About this exercise >> The listing must be copied out in full and exactly; no images go with it.
== Supplied material ==
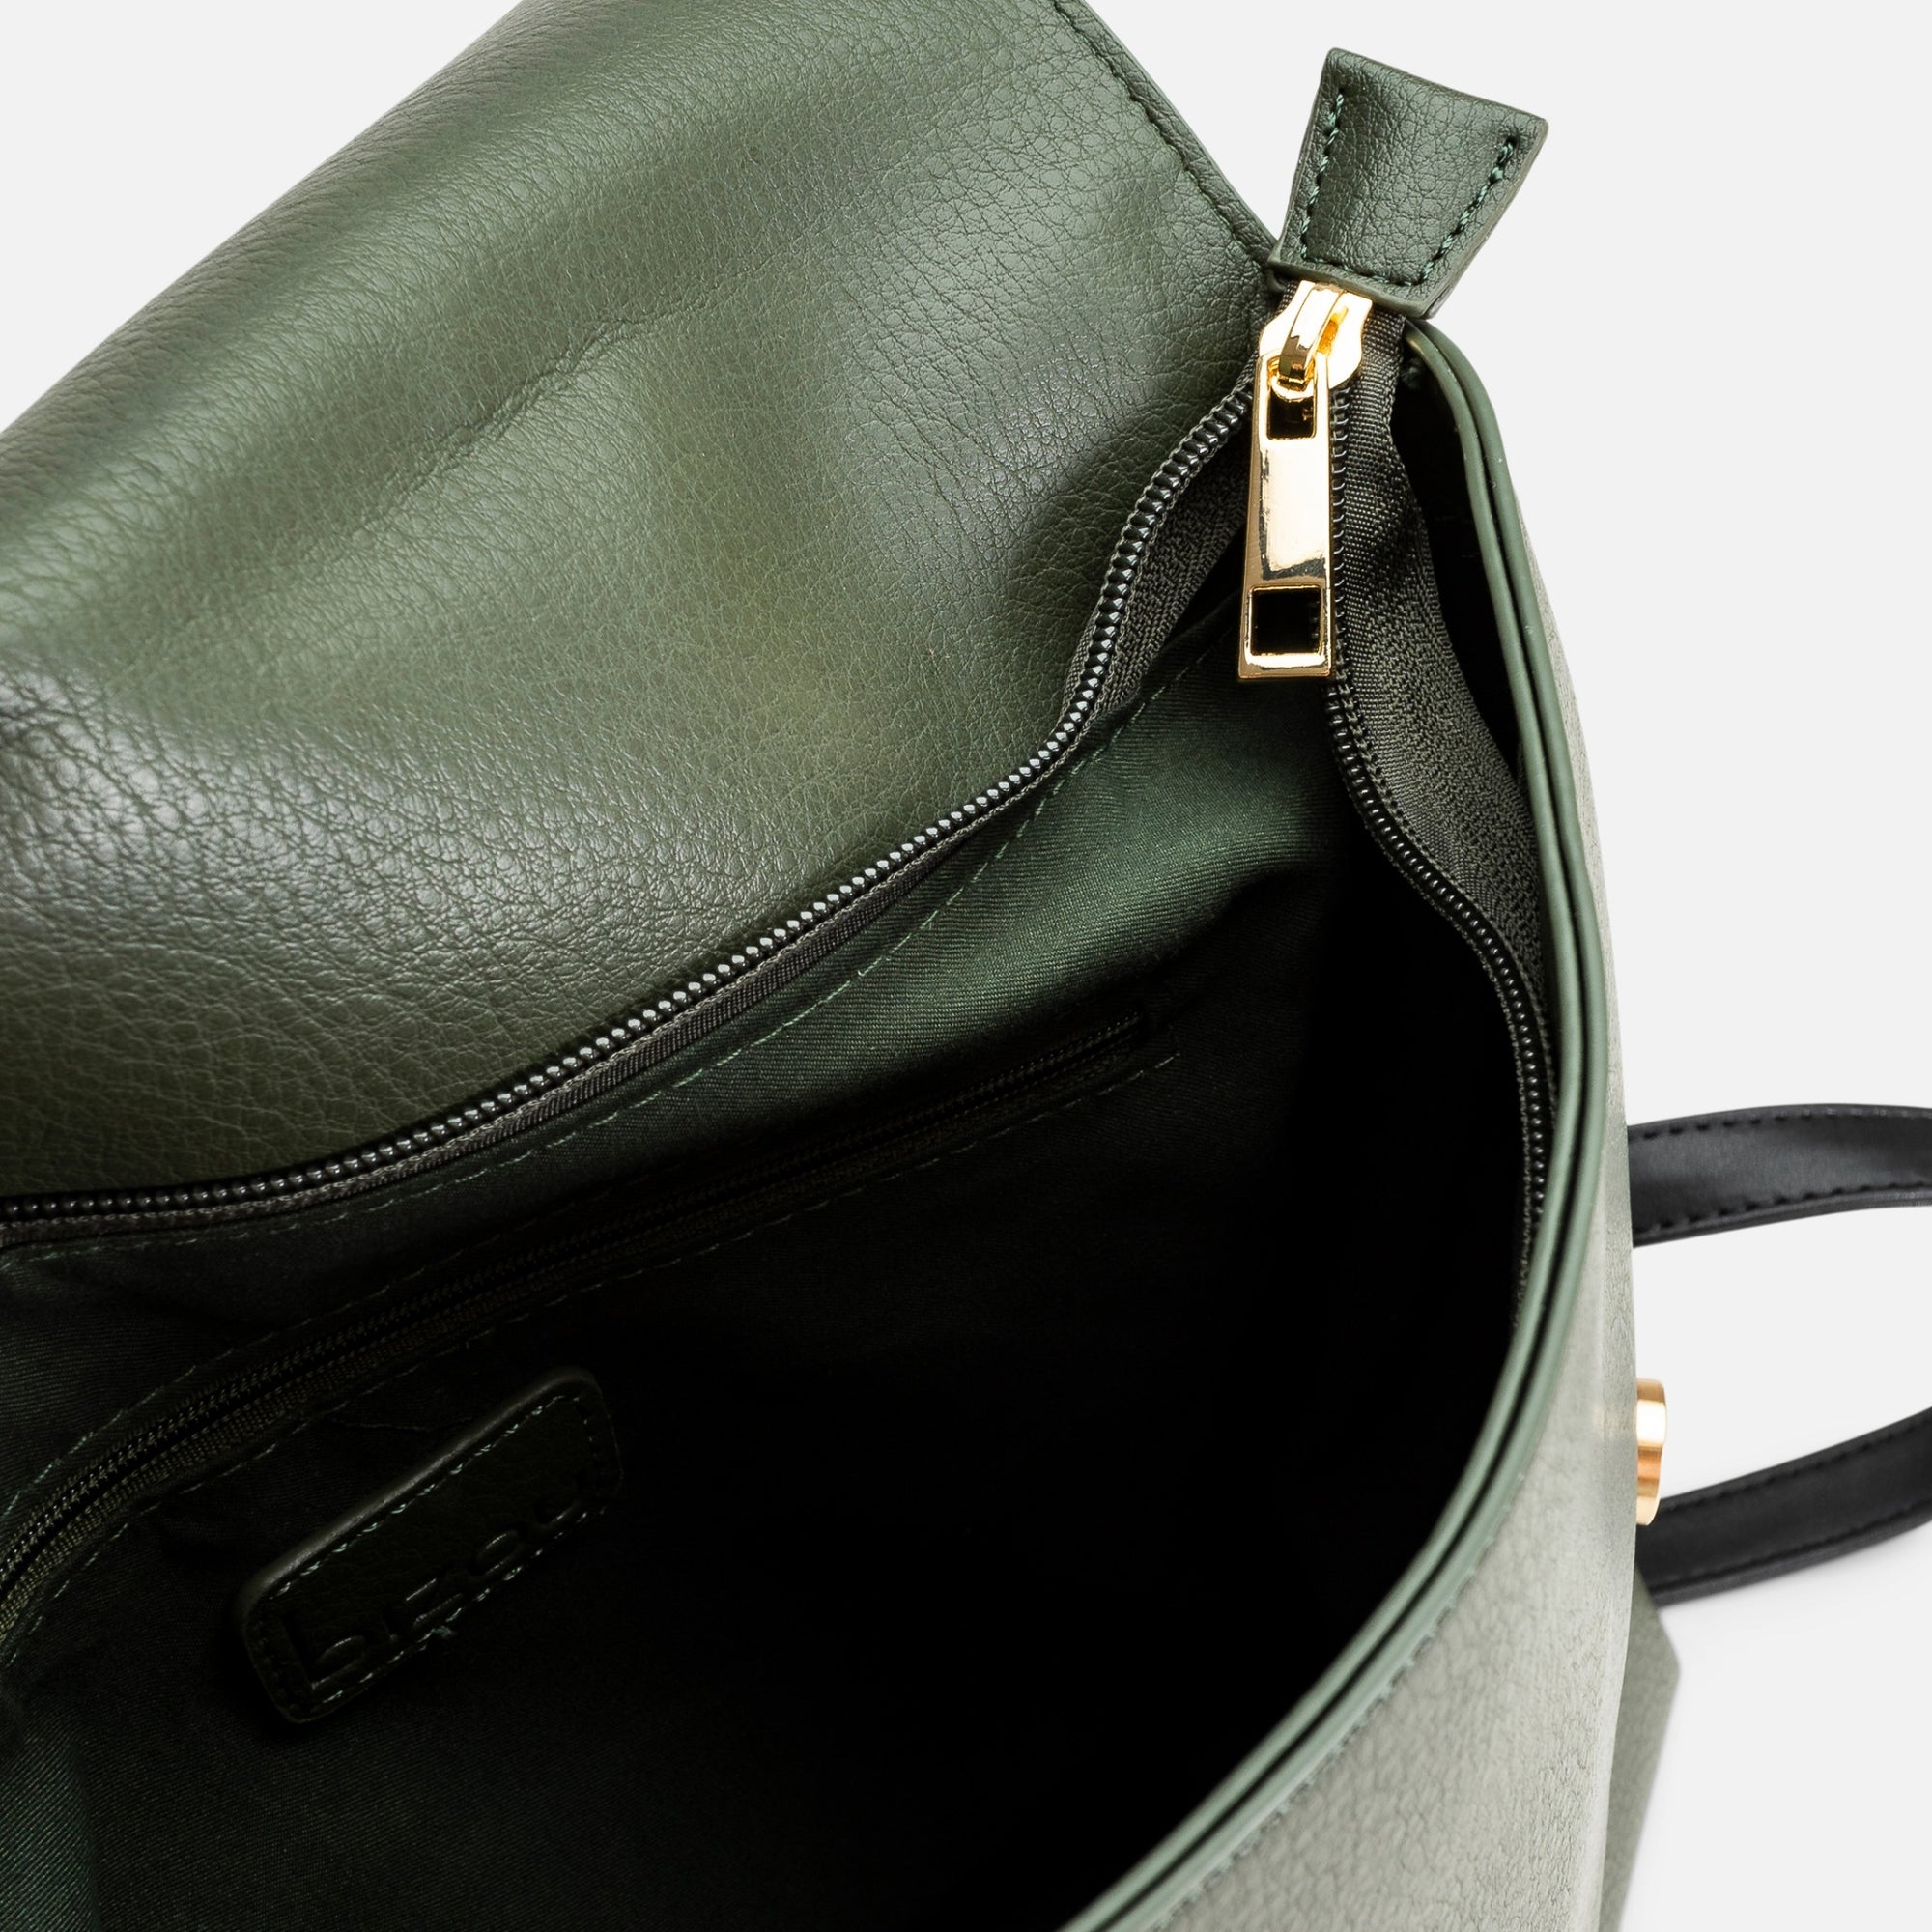 Dark green backpack with large flap and black handle
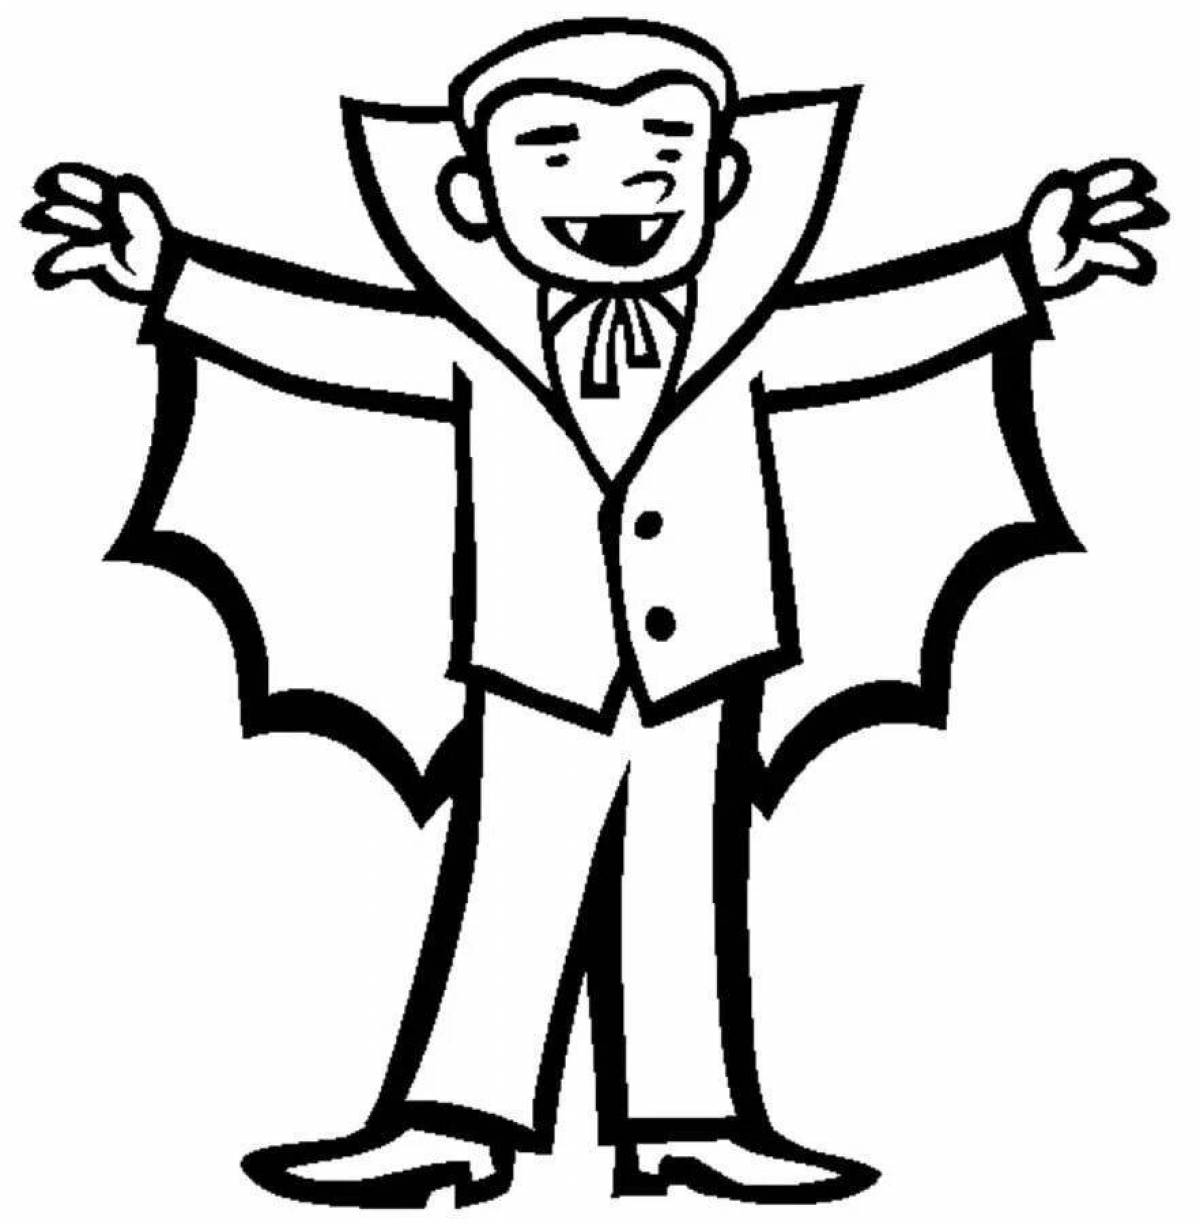 Vampire threatening coloring page for kids
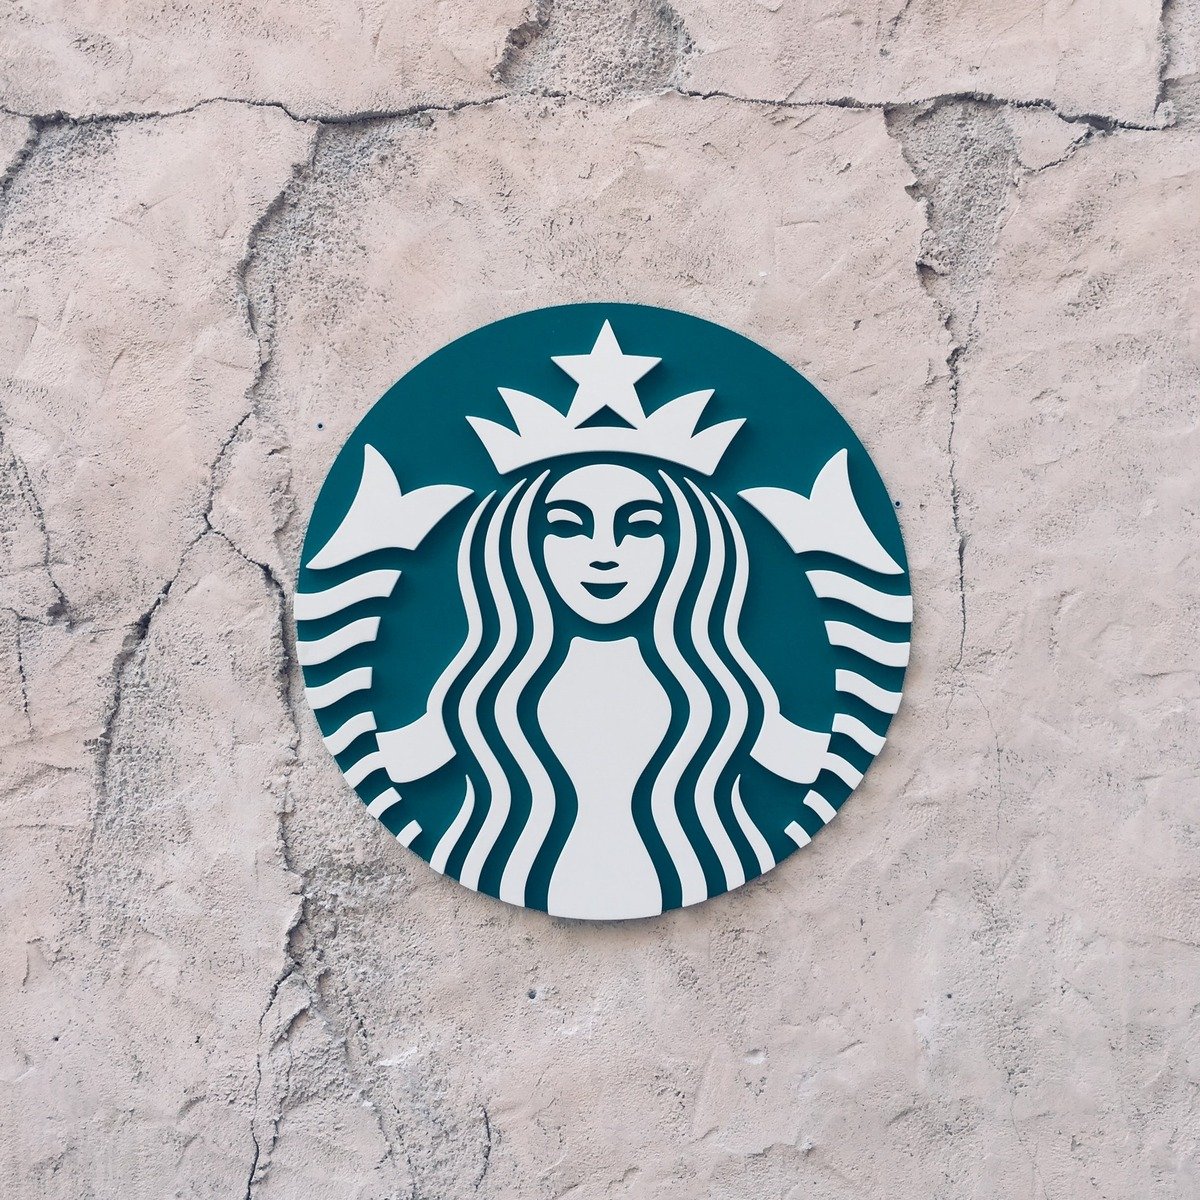 close up of starbucks logo on cracked wall
===
Worked solution >>
 Dark green backpack with large flap and black handle
 Vampire threatening coloring page for kids
 close up of starbucks logo on cracked wall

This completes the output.